AGL fined on door-to-door sales

ACCC says Federal Court judgment shows businesses must obey consumer law.

Energy retailer AGL has been fined $35,000 after a salesman ignored a Do Not Knock sign.

Federal Court judge John Middleton punished AGL and its marketing company CPM for the conduct of a South Australian salesman.

"These penalties reflect the need to deter conduct of such seriousness by the relevant respondents and others in the door-to-door selling industry," he said in his judgment.

AGL South Australia was fined $35,000 while its marketing agent CPM, who contracted the salesman, was penalised $25,000 for trying to negotiate an energy supply agreement in November 2011.

He had remained on the premises despite the consumer having an image on the front door of a knocking fist with a line through it.

The maximum penalty is $50,000.

The Australian Competition and Consumer Commission (ACCC), which initiated the legal proceedings, said the fines showed businesses needed to obey the law.

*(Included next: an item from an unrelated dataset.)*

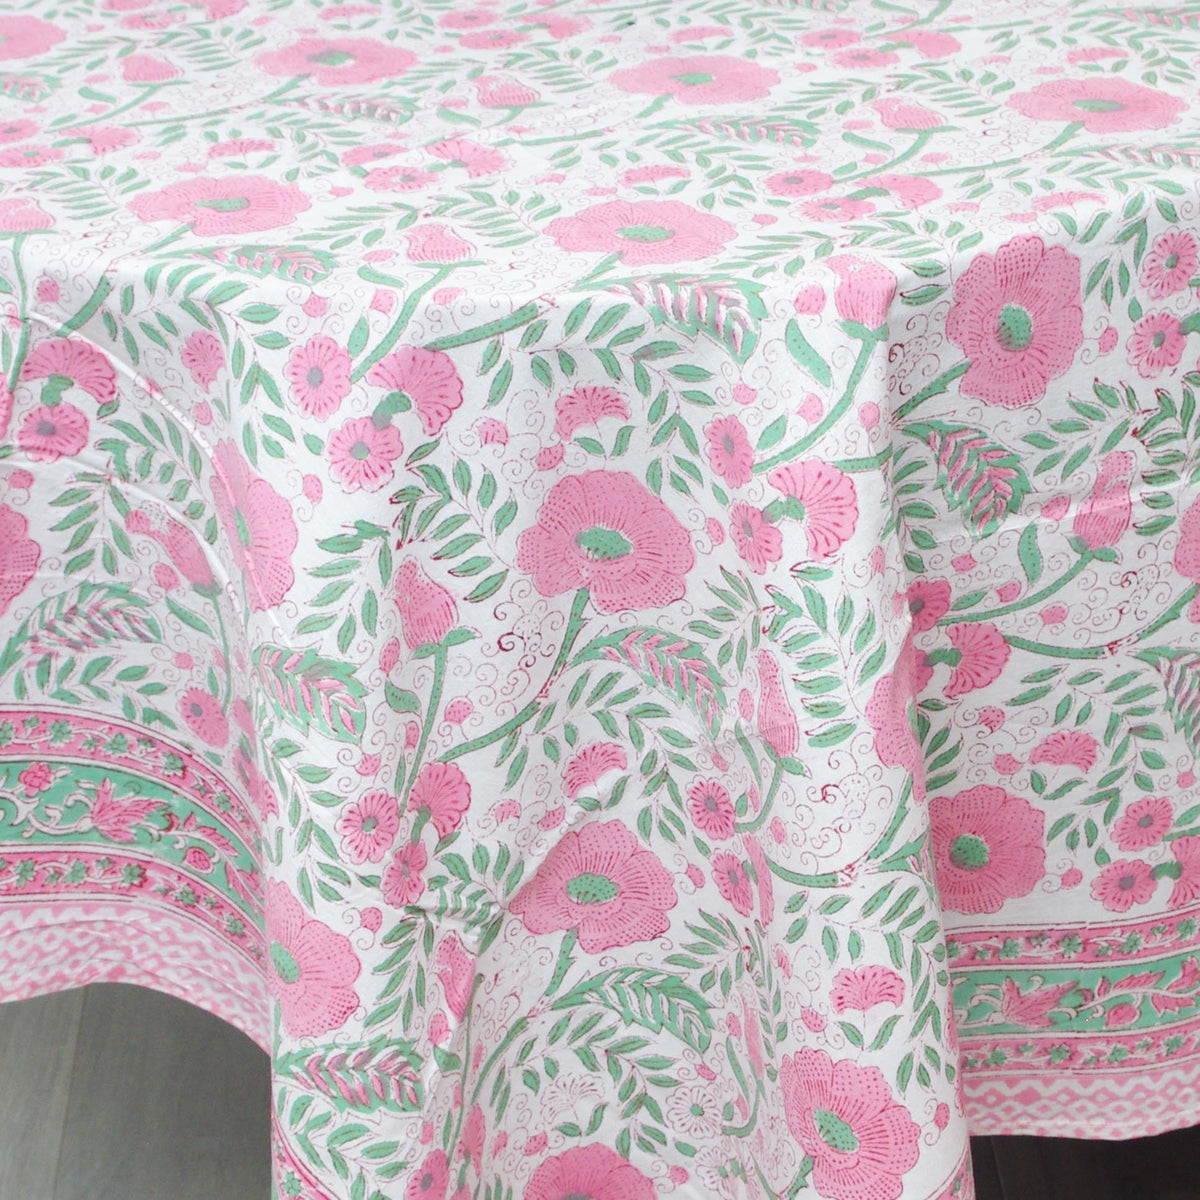 Rosa Blumengarten-Block gedruckte rechteckige Tischdecke Tischdecke

"These penalties are yet another clear warning that businesses must comply with the unsolicited consumer agreement provisions of the Australian consumer law, which are designed to protect consumers in their own homes," ACCC Commissioner Sarah Court said in a statement.

The Federal Court in October found that AGL and CPM had breached Australian consumer law by ignoring the Do Not Knock sign.

As part of the same proceedings, Justice Middleton ordered AGL Sales and AGL SA to pay combined penalties of $1.555 million for other unlawful selling practices, including making false representations to consumers.

CPM was also ordered to pay $200,000 for its role in the conduct.